### GIVEN RECORDS
• • •
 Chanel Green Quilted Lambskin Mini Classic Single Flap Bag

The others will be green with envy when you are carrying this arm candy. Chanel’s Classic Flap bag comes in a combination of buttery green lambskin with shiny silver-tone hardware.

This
• • •
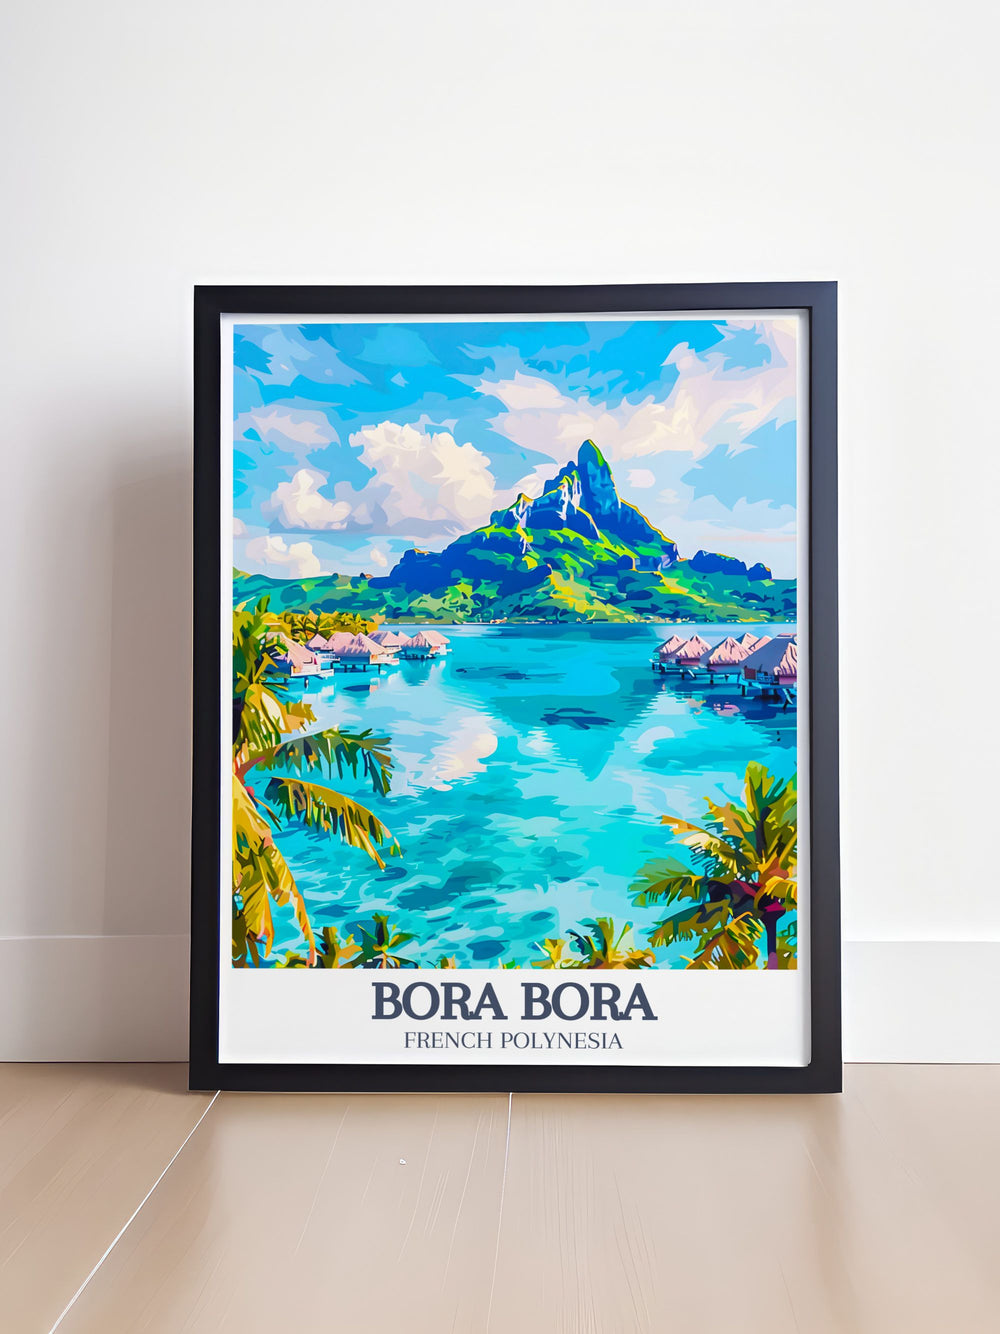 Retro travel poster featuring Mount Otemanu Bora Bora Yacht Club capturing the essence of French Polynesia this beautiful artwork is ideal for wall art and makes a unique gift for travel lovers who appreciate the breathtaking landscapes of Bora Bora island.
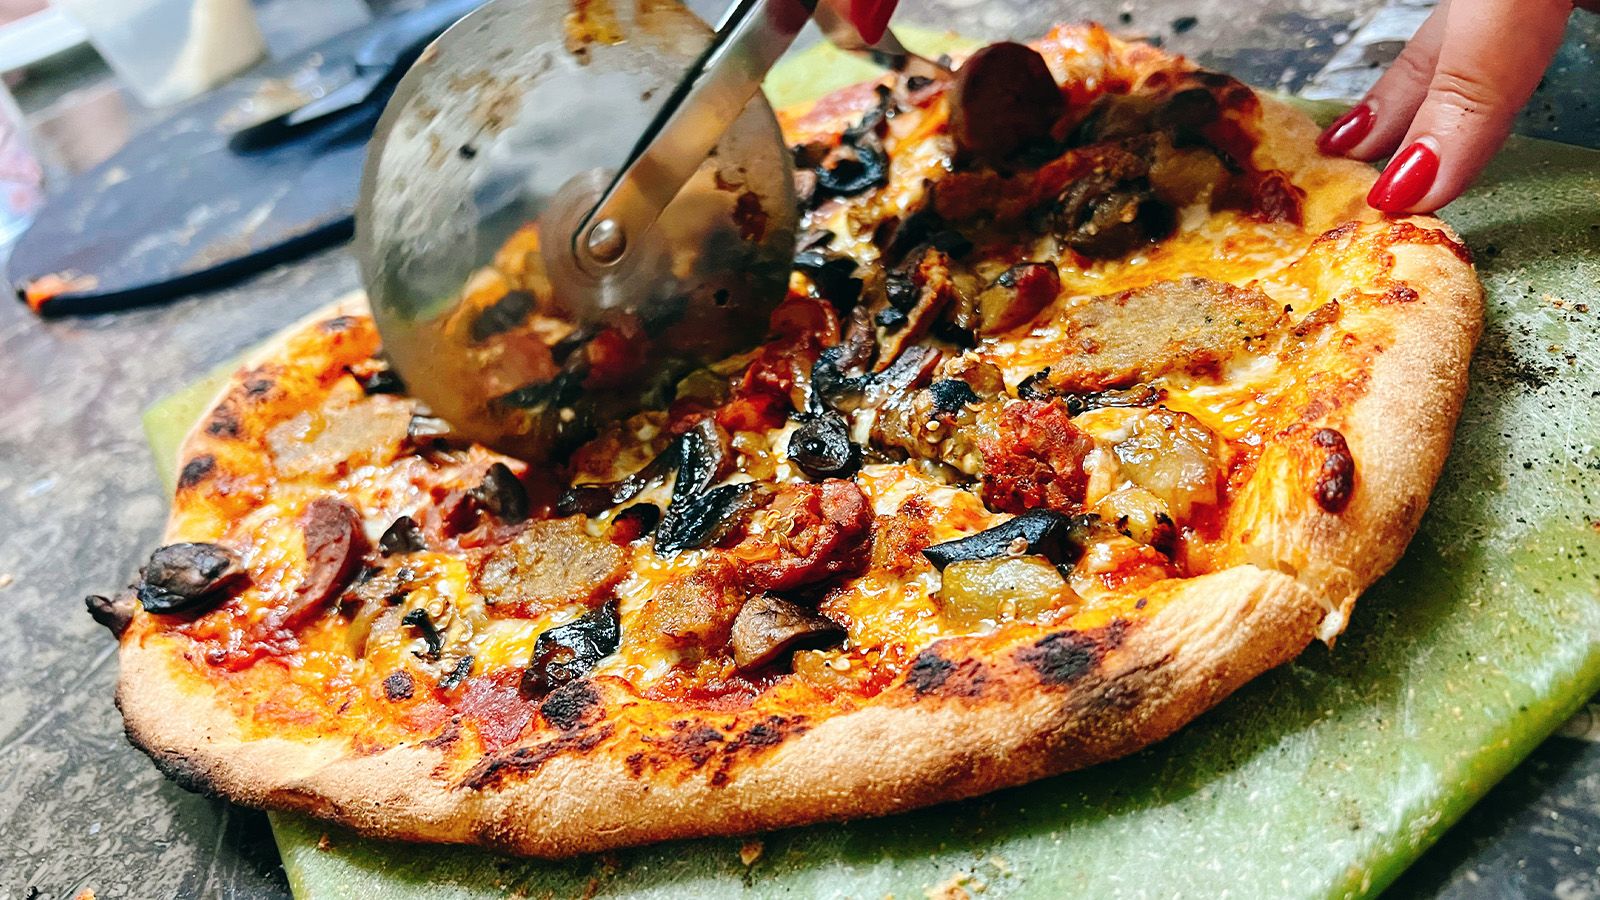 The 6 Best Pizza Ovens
• • •
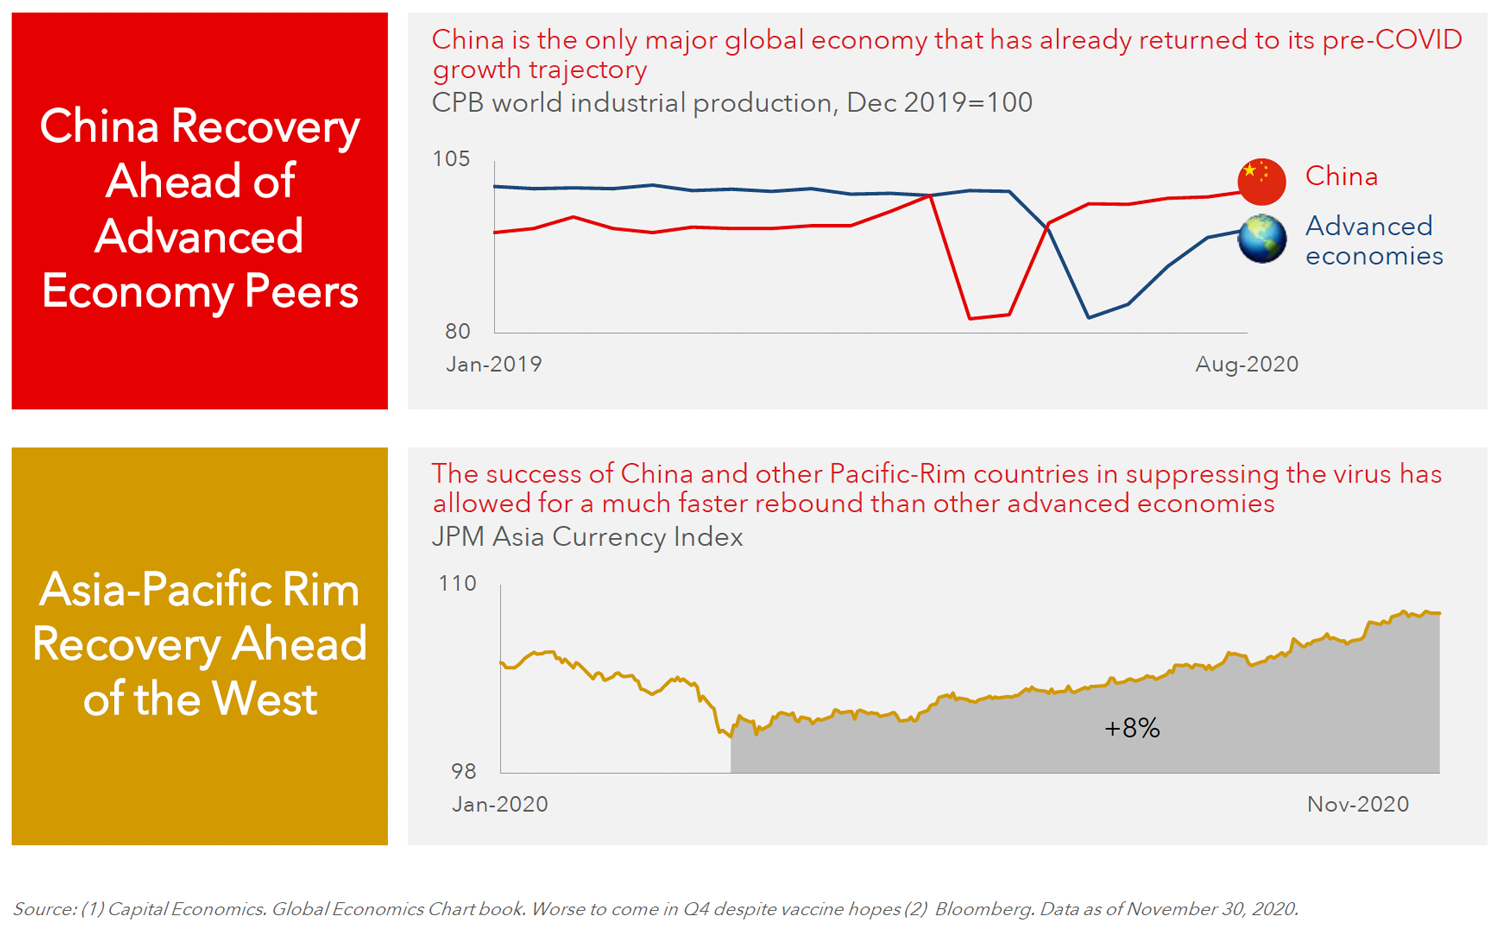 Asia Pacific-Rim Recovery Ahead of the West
• • •
### REQUIRED WORK
Where a line above contains the word "Classic", copy that line.

### OUTPUT FOR THIS EXERCISE
 Chanel Green Quilted Lambskin Mini Classic Single Flap Bag
The others will be green with envy when you are carrying this arm candy. Chanel’s Classic Flap bag comes in a combination of buttery green lambskin with shiny silver-tone hardware.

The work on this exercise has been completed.